Jacobo comprendió entonces el motivo de que aquella casa luciera tan descuidada. A pesar de ello, le resultó sorprendente la confianza que le mostraba el conde al revelarle aquello.

–Desde hace cuatro generaciones –siguió el conde– los Caserta nos hemos dedicado a la importación de productos de América. Hace unos tres años se nos presentó la oportunidad de hacernos, en exclusiva y durante diez años, con la mayor parte de la producción de caña de azúcar de Cuba. Parecía un negocio magnífico porque su demanda europea era muy alta. El problema radicaba en que necesitábamos invertir una suma elevadísima de dinero. Calcula: el cosechado, el transporte, el almacenaje y, sobre todo, el precio de compra… En resumen, mucho más de lo que en ese momento podíamos disponer, por lo que no nos quedaba otro remedio que recurrir al crédito bancario.

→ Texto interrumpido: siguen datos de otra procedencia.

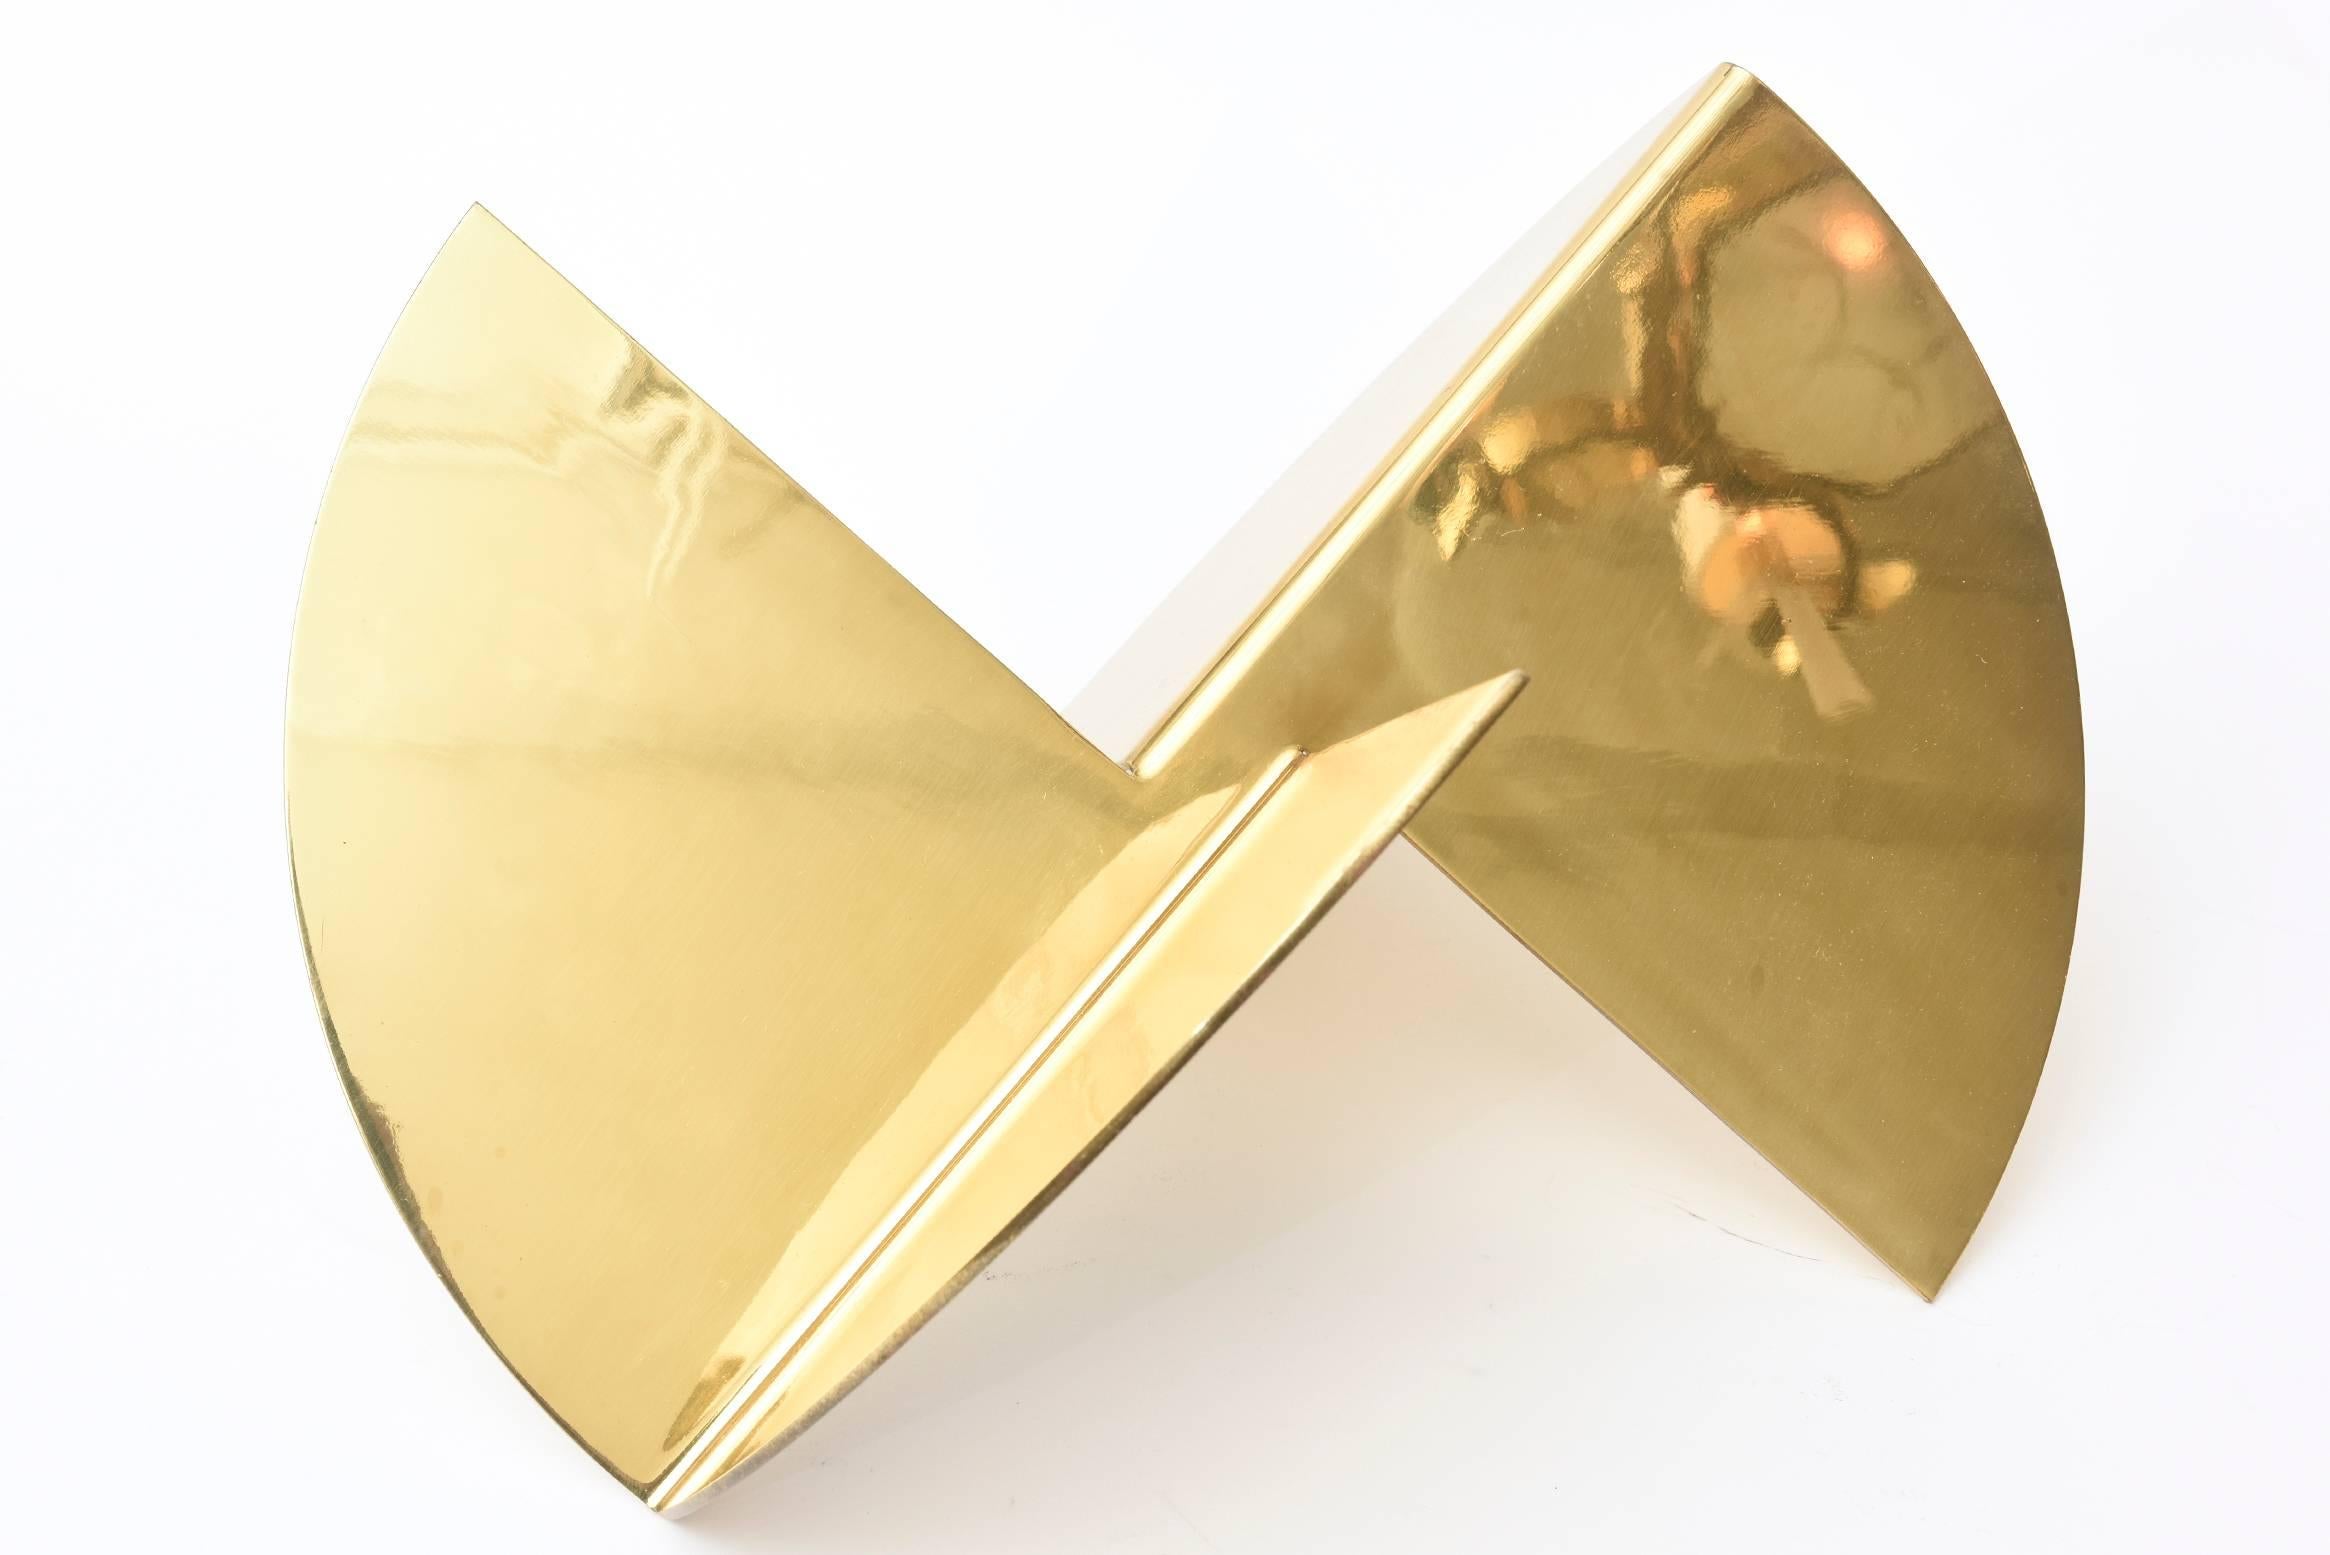 This wonderful gold-plated abstract geometric modern sculpture is almost like a work in origami of four intersecting planes of simple forms. It is a great tabletop sculpture that with each angle represents a new viewpoint and abstraction.
It has

Un banco holandés aceptó la solicitud y nos concedió un préstamo, aunque con la condición de que fuera garantizado con la hipoteca de nuestros bienes. Confiados en la rentabilidad del negocio, aceptamos. Lo que nunca pudimos imaginar es que unos pocos meses después nuestra relación con los Estados Unidos se haría tan tensa que acabaría en guerra. En el momento en que estalló todo el cargamento de caña de azúcar estaba depositado en quince grandes almacenes que habíamos comprado en el puerto de La Habana… El verdadero desastre para nosotros, sin embargo, comenzó realmente cuando los americanos bloquearon la salida a alta mar de todos los barcos con pabellón español. Pensábamos que sería cosa de pocos días que nuestra Marina liberara el bloqueo, pero no fue así: pasaba el tiempo y seguía manteniéndose. El caso es que la cosecha almacenada acabó pudriéndose, y nosotros prácticamente en la ruina… En conclusión, que para evitar que el banco ejecute las hipotecas no tenemos más remedio que dedicar la casi totalidad de las rentas de nuestros bienes al pago del préstamo… Pero, bueno, seamos optimistas: con tenacidad, inteligencia y sobre todo con la ayuda de Dios, confío en que cambie pronto la situación y podamos vender los almacenes de La Habana, que tienen muchísimo valor porque son los mejores del puerto.